Nestlé took a hit to sales volumes in the final quarter of last year as its steepest price rises in decades prompted households to curb their spending on products from the maker of Nespresso pods, KitKat chocolate bars and Maggi noodles.

Real internal growth, a measure of sales volumes and consumers’ product choices, declined 2.6 per cent, as the world’s largest foodmaker pushed up prices by 10.1 per cent in the quarter.

Mark Schneider, chief executive, said that Nestlé still faced steep cost rises this year. “There are a few cost items that have started, on a spot basis, to ease since the autumn — arabica coffee, dairy, some of the energy items — but on a full-year basis we’re still looking at a very bleak picture.”

He added: “We still have some repairing to do [on margins] — we are hit pretty hard by inflation.”

Nestlé is the latest multinational food manufacturer to report a hit to sales volumes from increasing prices, after Unilever last week said consumers had bought fewer of its products in 2022 on record price rises. Households in Europe and the US especially have been switching to cheaper options such as supermarket own-brand products.

Schneider said the consumer was “holding up probably better than we expected last fall . . . [but] we also have seen some limited signs now of trading down. That’s unavoidable because you are seeing the effects of economic uncertainty and then inflation at the same time.”

Nestlé increased prices for its products by an average 8.2 per cent across 2022. It said overall like-for-like sales growth was 8.3 per cent during the year, lower than analysts had expected.

Sales growth was mainly driven by price rises, while real internal growth was up slightly at 0.1 per cent for the full year. Schneider added that 2022 was also a year of “post-Covid normalisation” in many of Nestlé’s markets.

Price rises by the Swiss group were highest in North and Latin America, at 11.6 per cent. The increases cut into North American sales volumes, which declined 1.7 per cent on a like-for-like measure as inflation prompted households to curb their spending and Nestlé cut down on unpopular product lines.

It also recorded a SFr1.6bn impairment on the purchase of peanut allergy medication Palforzia, adding to an earlier SFr0.3bn charge on its foray into healthcare.

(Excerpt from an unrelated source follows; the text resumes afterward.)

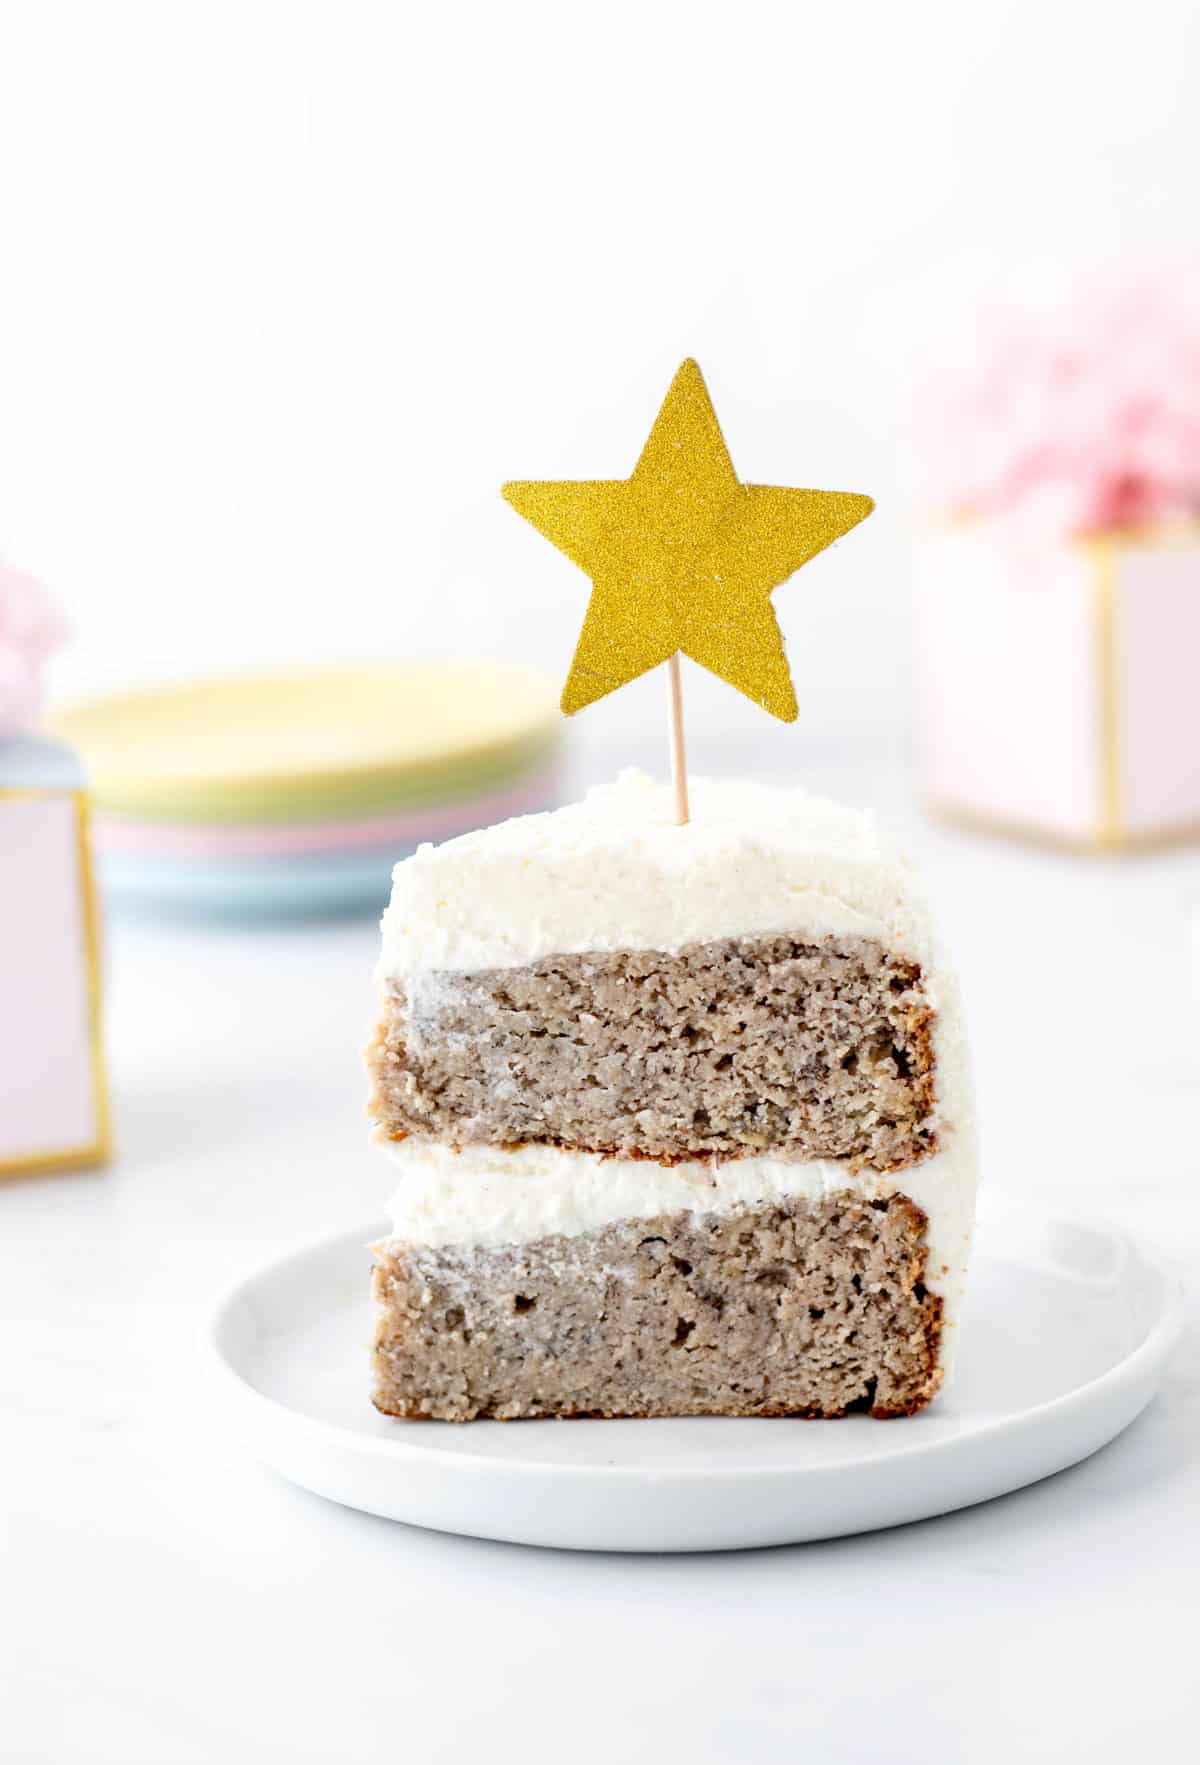 A slice of healthy smash cake on a plate with a star topper.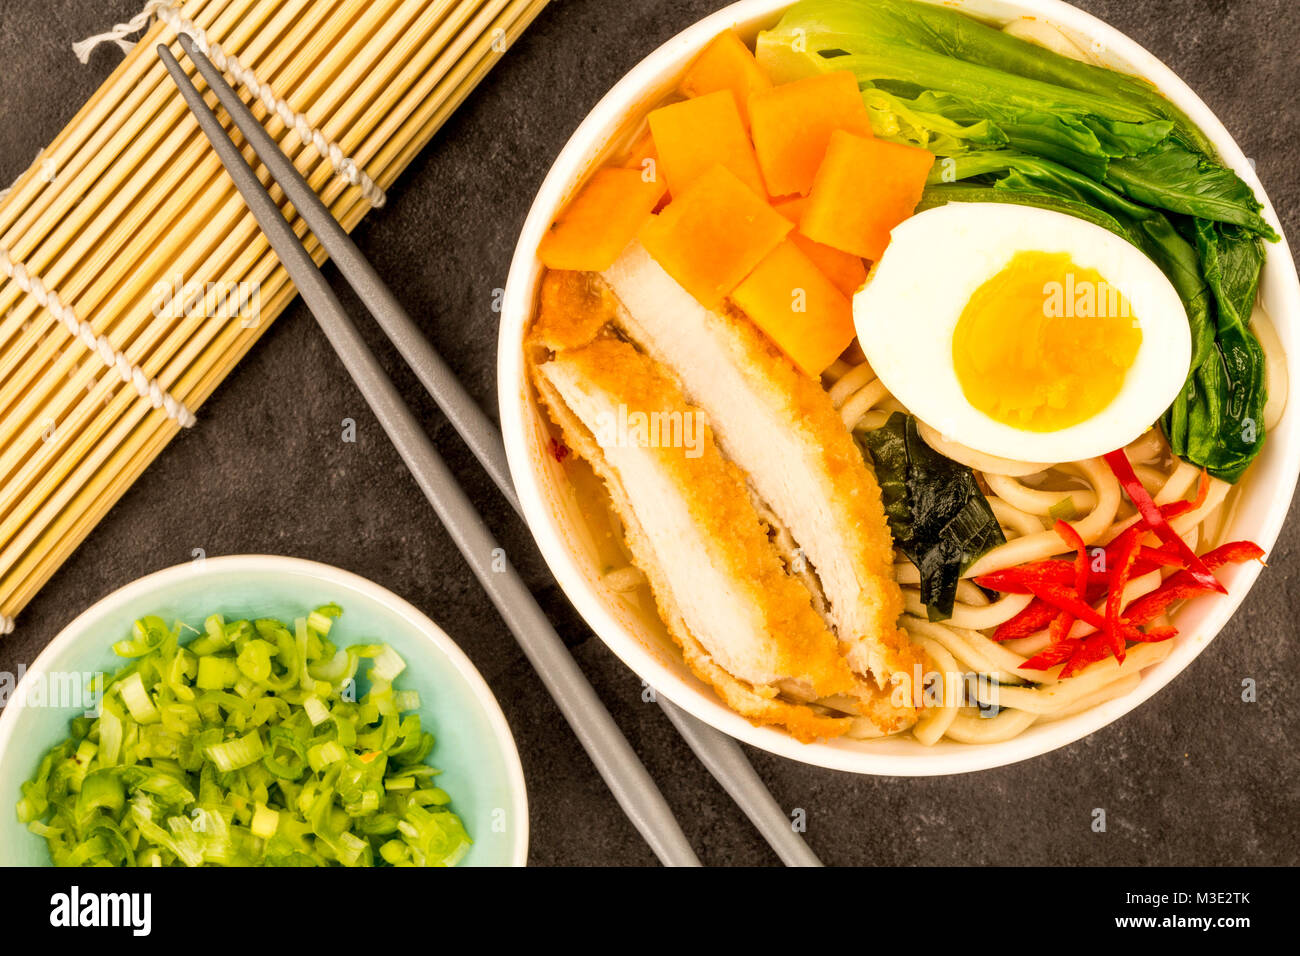 Japanese Style Panko Breadcrumbs Chicken And Noodle Broth or Soup With Sweet Potatoes Against A Black Tile Backgorund Stock Photo

That means it has now written off $2bn of the $2.6bn it paid for the business in 2020, after admitting the allergy treatment it produces had not caught on as expected. Schneider said Nestlé’s health science business would in future focus on its existing areas, vitamins and supplements and specialist nutrition for people with health conditions.

The Swiss group is carrying out a big programme of cutting less popular product lines and even entire brands, a drive that began during supply chain disruption last year but has extended to a broader streamlining effort.

The company this year announced plans to stop selling frozen foods in Canada, a business that had brought in about SFr150m, and has scrapped some dairy lines in Brazil, the Middle East and north Africa as it sacrifices some sales to focus on the most successful products, Schneider said.

It forecast a recovery in profitability in 2023, with underlying operating margin set to come within a range of 17 per cent to 17.5 per cent, after falling to 17.1 per cent in 2022.